# Walk for Cystic Fibrosis! May 15 Sullivan's Island, SC!!!



## AcesWild (Nov 29, 2008)

We are looking for team members for "K-9s for a Cure" or if your canine companion does not want to join us you can always join my mother's team "Tommy's team"!

We are raising money for Cystic fibrosis. I will be walking for my friend's Meghan and Pete who passed away at the ages of 15 and 21. I will also be walking for my big brother Tommy, who is still fighting at the age of 25. Come walk with us and celebrate his quarter century!!!

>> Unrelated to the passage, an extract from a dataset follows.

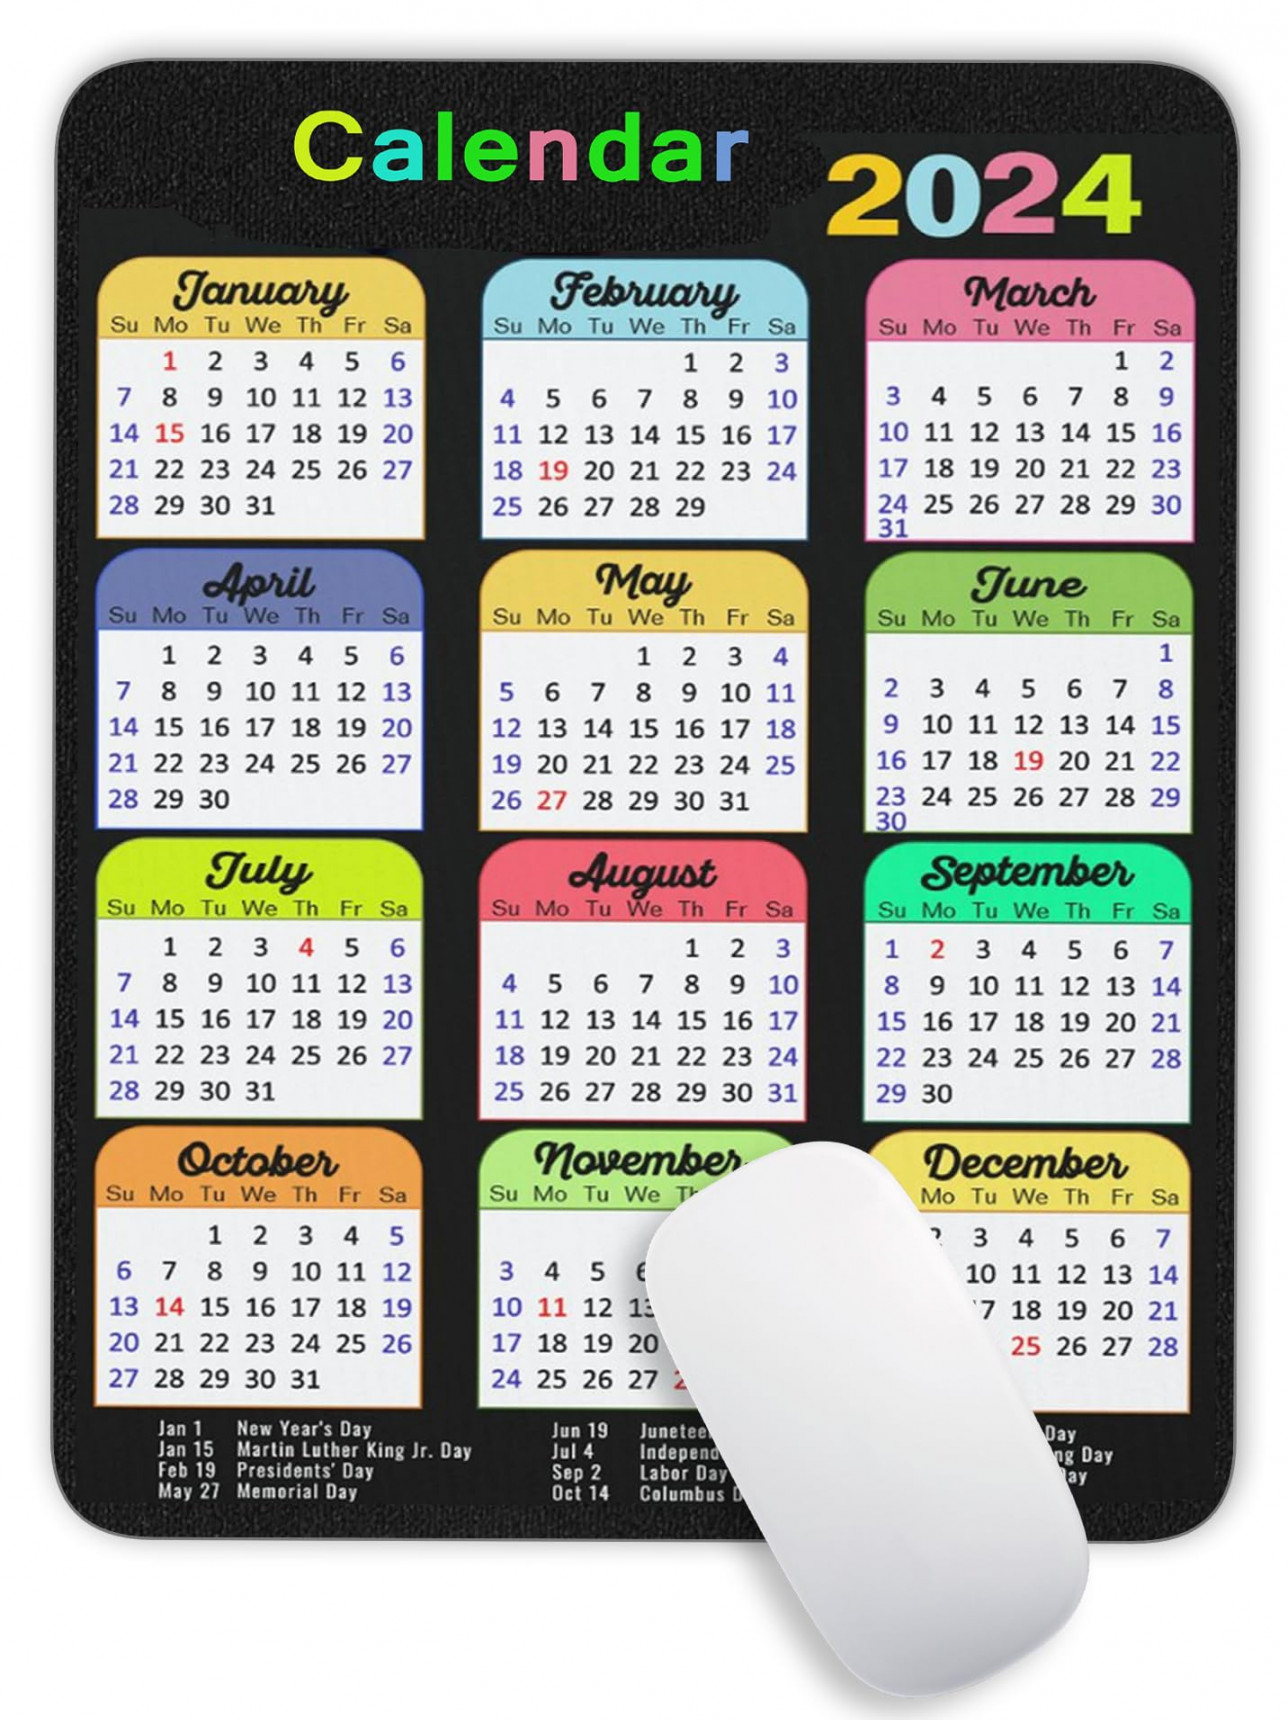 Color Calendar Vertical Mouse Pad, Gaming Calendar Mouse Mat with  Custom Design, Square Waterproof Mouse Pad Non-Slip Rubber Base MousePads  for

I will be setting up my team and starting to get members for it!

"GREAT STRIDES is the Cystic Fibrosis Foundation's largest and most successful national fundraising event. This year, I'm walking in the GREAT STRIDES walk at the 2010 Charleston - Stella Maris on Sullivan's Island walk on 05/15/2010. Nearly 90 cents of every dollar of revenue raised is available for investment in vital CF programs to support research, care and education. 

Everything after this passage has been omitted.